Cómo instalar Apache en sistemas operativos compatibles con IRIS

#Mejores prácticas #Microsoft Windows #Podcast #Red Hat Enterprise Linux (RHEL) #Ubuntu #InterSystems IRIS #InterSystems Official

Para vuestra comodidad, InterSystems está publicando los pasos de instalación característicos de los sistemas operativos que son compatibles con InterSystems IRIS.

Para Microsoft Windows, consultad por favor la documentación de producto de InterSystems.

El instalador de IRIS detectará si hay un servidor web instalado en la misma máquina, lo que da la opción de tener configurado automáticamente el servidor web.

Todas las instalaciones de Apache requerirán permiso de sudo (recomendado) o de root para instalar el servidor web. Este requisito es compatible con las mejores prácticas recomendadas.

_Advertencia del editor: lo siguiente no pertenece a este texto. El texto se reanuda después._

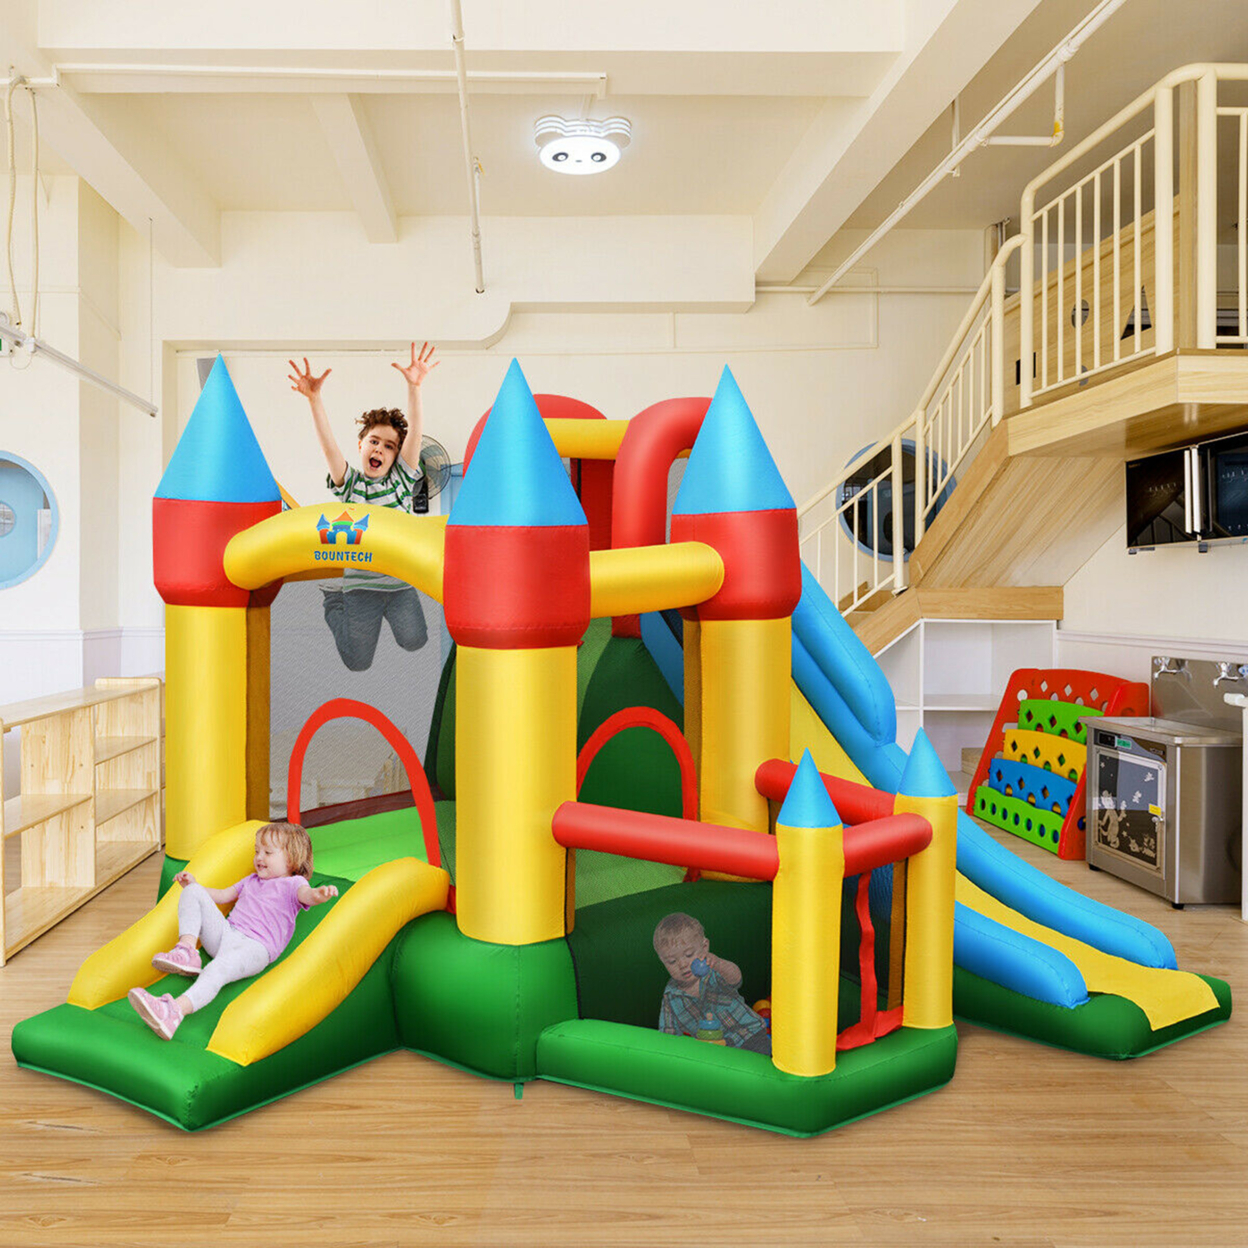 Kids Inflatable Bounce House Jumping Dual Slide Bouncer Castle W/ 780W Blower

Para Red Hat (RHEL), InterSystems está instalando ficheros SELinux para admitir conexiones a través de http o https (si están configuradas).

Opcionalmente los scritps proporcionan instrucciones sobre cómo convertir los pasos de instalación en un fichero ejecutable (el nombre del fichero solo es una recomendación).

InterSystems ofrece tres vídeos y un podcast con información adicional y ejemplos de uso.

Esperamos que el nuevo proceso os resulte rápido, sencillo y claro. Cambiar el procedimiento no fue una decisión fácil, pero era requerido a menudo por los clientes y está en línea con las mejores prácticas.

Una vez que hayáis cambiado del Servidor Web Privado, probablemente es tan fácil como instalar apps en vuestros dispositivos móviles.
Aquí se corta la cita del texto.